Introduction
Reinforcement Learning from Human Feedback (RLHF) has become an increasingly prominent method for aligning LLMs with human-centric values and preferences. Despite significant empirical successes across various applications, the RLHF paradigm frequently encounters issues like reward overfitting and reward overoptimization. These phenomena not only impede the stability and reliability of LLM deployment but also raise concerns about the scalability of RLHF.
Understanding Reward Overfitting and Overoptimization
Recent work has provided insight into two major challenges within RLHF. Reward overfitting emerges when a model's performance on a reward learning task deteriorates rapidly after only a single epoch of training. The degradation is partly due to the inadequacy of cross-entropy loss with long-tailed preference datasets. Even simple 3-armed bandit problems demonstrate significant overfitting and overoptimization under these conditions. The root issue is that the empirical entropy loss minimizer can underrepresent rarely compared items in the dataset, leading to extreme and inappropriate reward estimations.

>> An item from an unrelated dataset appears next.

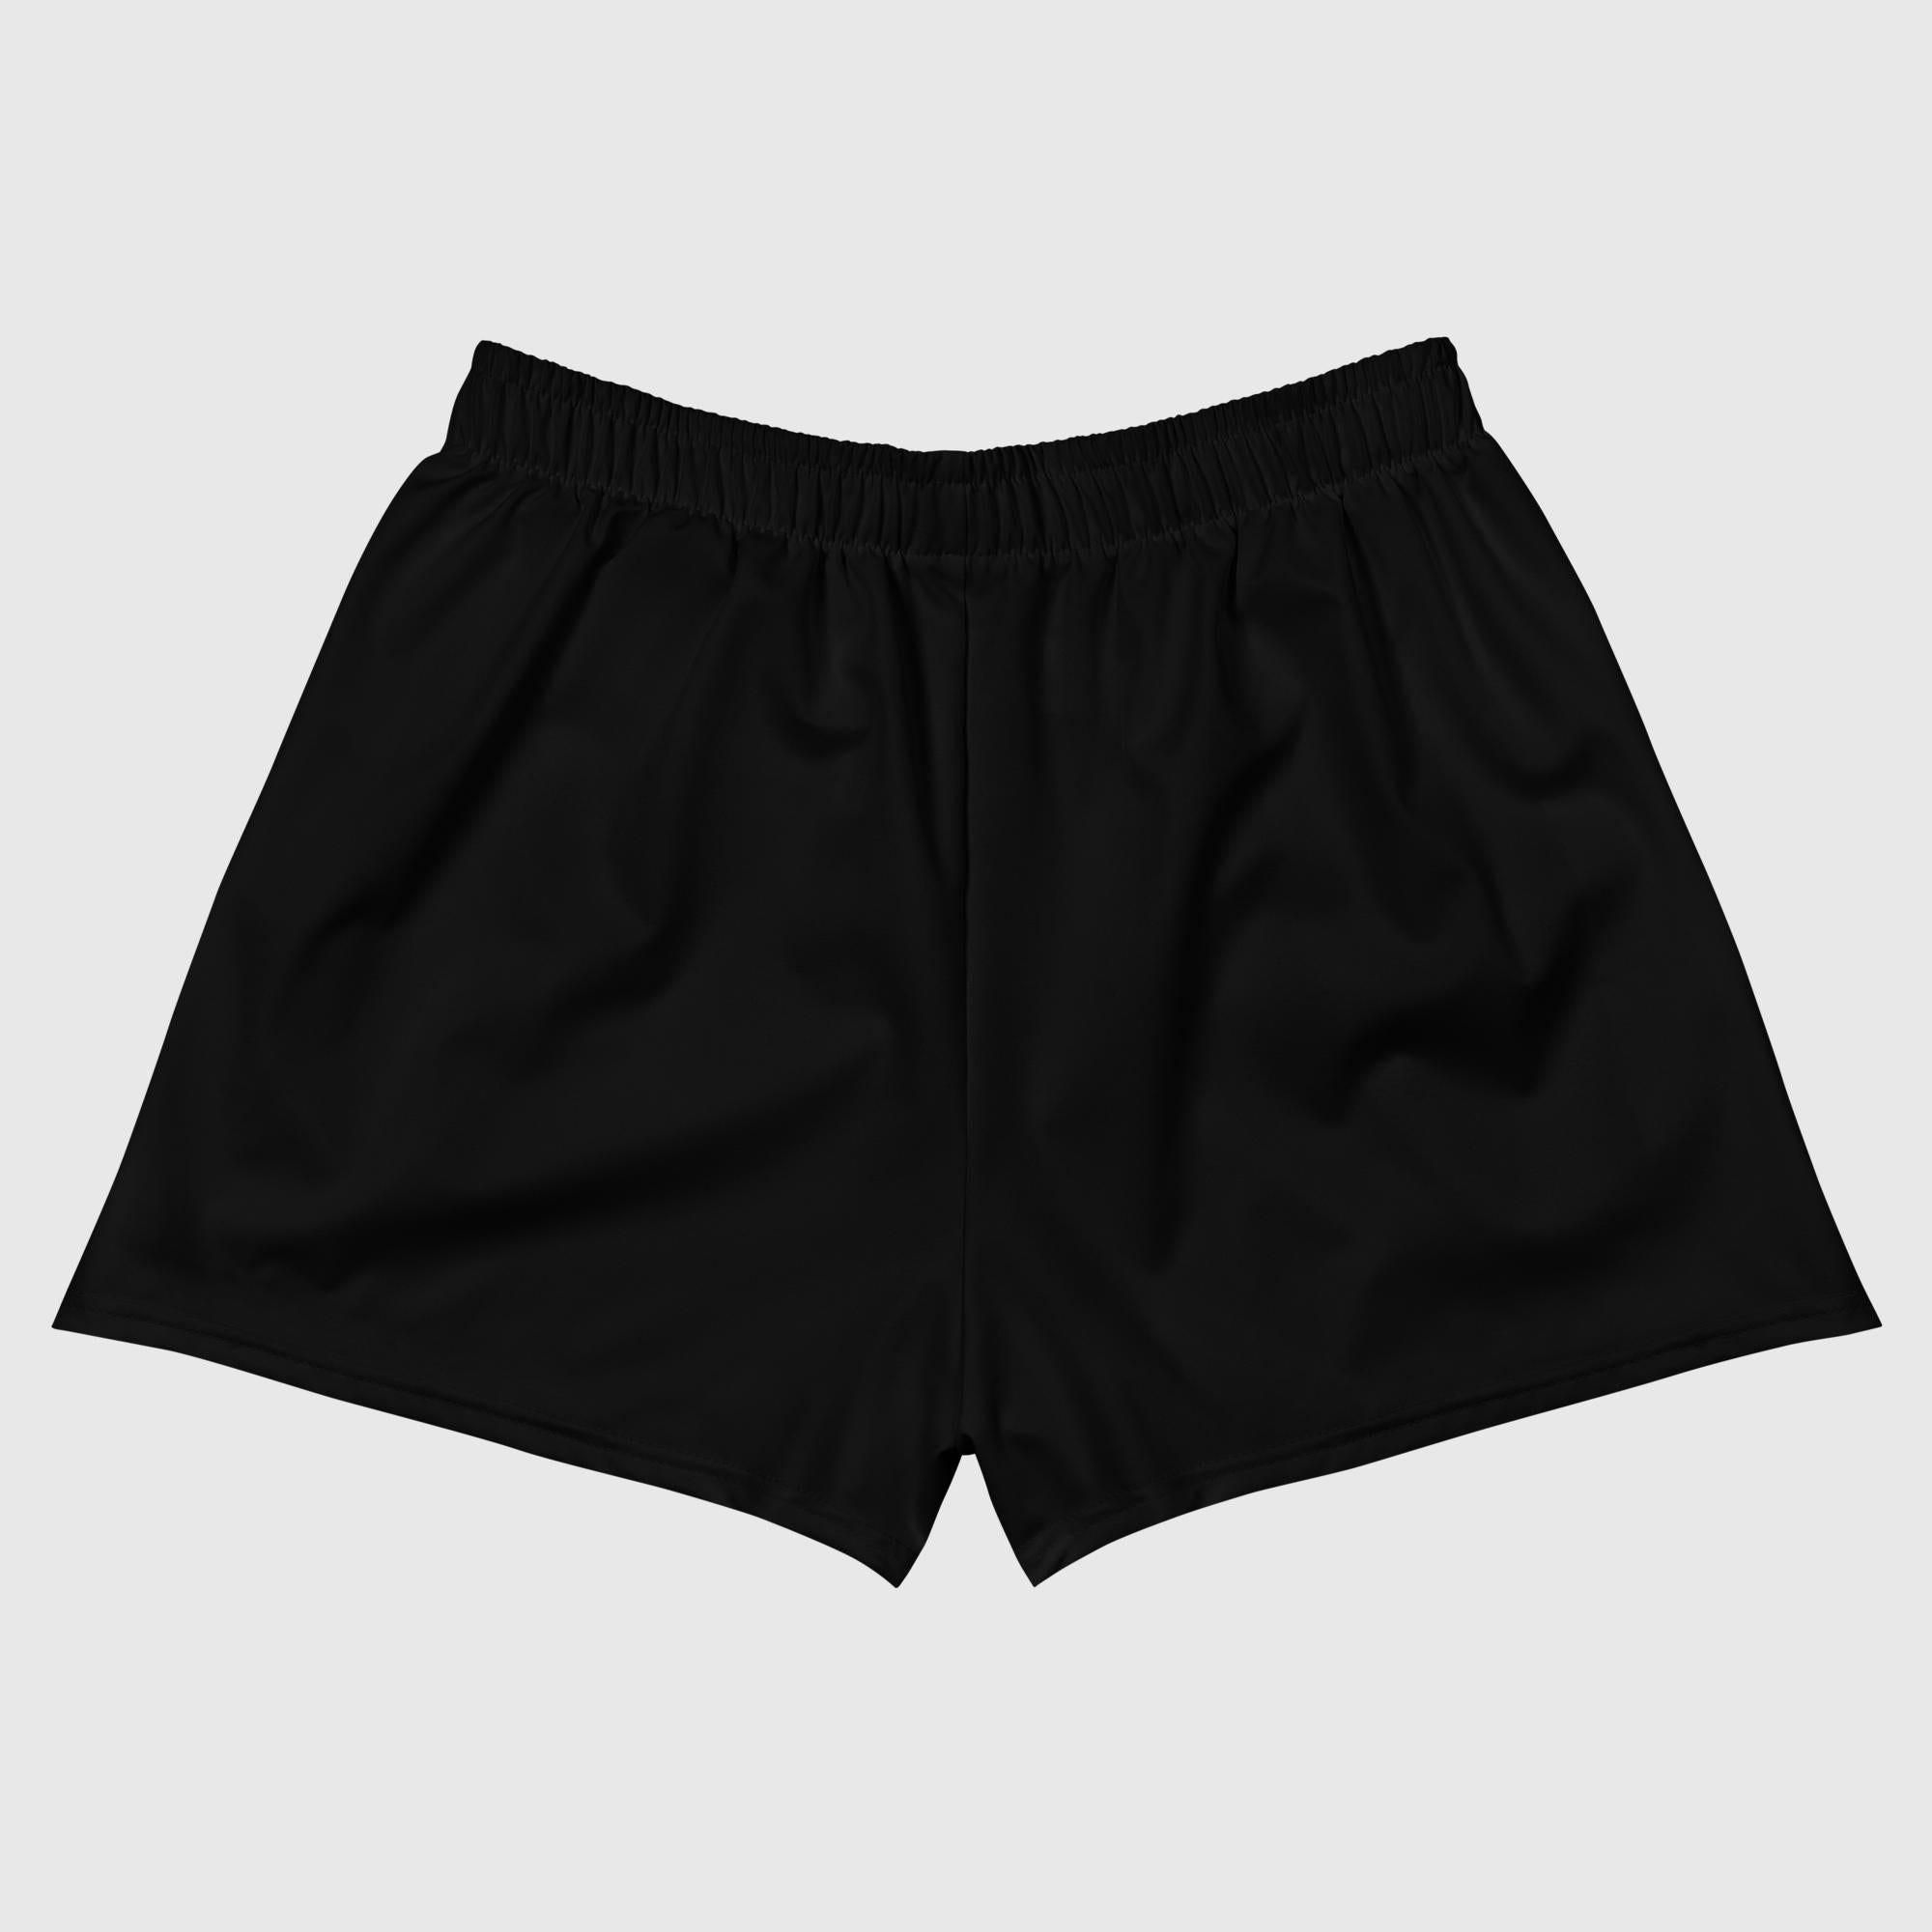 Shorts deportivos unisex con estampado integral - Negro

The other challenge, reward overoptimization, occurs in the policy learning stage. Typically, when the policy model is trained to maximize the learned reward, the ground-truth reward may initially increase but subsequently decreases as training continues. This phenomenon is notably observed when the policy diverges significantly from its original state in terms of KL divergence, which inadvertently steers the policy away from the true objective it is supposed to maximize.
Iterative Data Smoothing as a Solution
To mitigate these concerns, a new algorithm dubbed the Iterative Data Smoothing (IDS) is proposed, taking inspiration from the pessimism mechanism found in bandit learning. IDS iterates between updating the model and updating the data through soft labels, effectively smoothing the influence of infrequent observations. The mechanism discourages the over-emphasis on sporadically seen samples and concentrates on the more commonly observed pairs. It combines the advantage of soft labels and iterative learning, where the data and model inform each other through successive training epochs.

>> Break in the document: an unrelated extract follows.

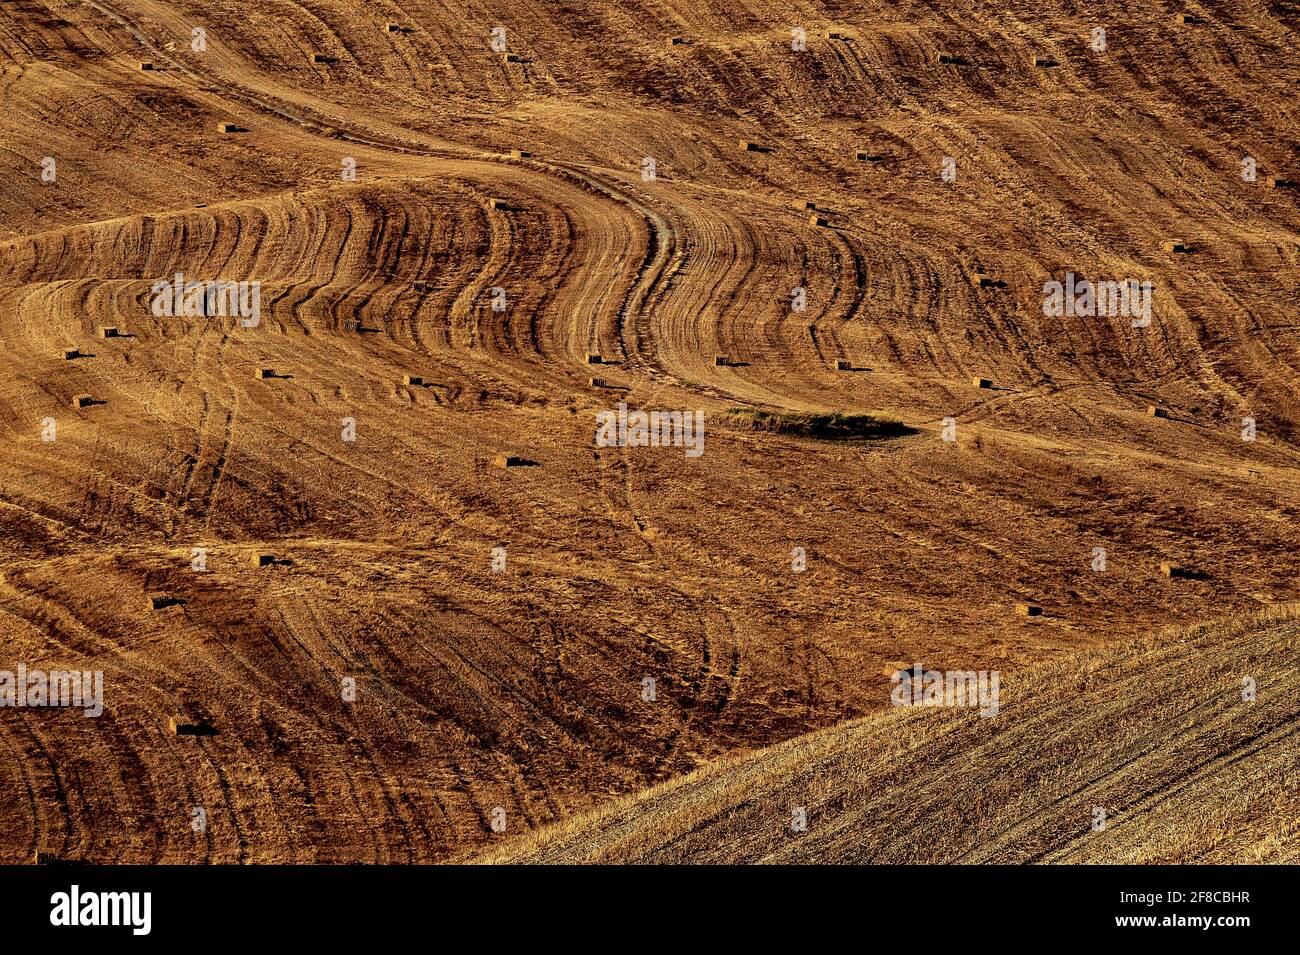 La récolte estivale laisse des ondulations spectaculaires en chaume sur les champs de blé des Crete Senesi, au sud-est de Sienne, en Toscane, en Italie. Les zones de paysage ondulant ici ont été causées par l'érosion de l'eau à l'argile molle et les dépôts de sable ont laissé il y a des millions d'années par une mer de Pliocène Epoch. L'argile, aussi connue sous le nom de mattaione, est parfois moulée par nature en un «paysage lunaire» de hilocks gris-blancs, de monticules et de falaises, souvent sans terre végétale ou de végétation. Banque D'Images

Theoretical analysis reveals that IDS, diverging from other approaches like the lower-confidence-bound-based algorithm, effectively learns the ground truth distribution for comparisons that garner sufficient observations while disregarding those infrequently seen. Experimental evidence confirms the algorithm's efficacy in both bandit and neural network settings.

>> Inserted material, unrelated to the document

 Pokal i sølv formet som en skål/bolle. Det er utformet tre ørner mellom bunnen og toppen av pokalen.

Related Work and Future Directions
IDS builds upon an existing body of work in RLHF, Preference-based Reinforcement Learning, knowledge distillation, and ranking estimation from pairwise comparisons. Prior studies have highlighted similar challenges and proposed various solutions, yet few have offered a strategy that systematically addresses both overfitting and overoptimization in a single framework.
As we progress, it becomes critical to extend the IDS methodology to multi-armed bandits with more complex comparison scenarios and integrate it into neural network-based reward models. Exploring new ways to refine the algorithm and its practical implementation will enhance our understanding and application in broader RLHF tasks. Further theoretical analyses, particularly of the IDS algorithm's long-term convergence properties, are essential steps to solidify its place in the RLHF toolkit.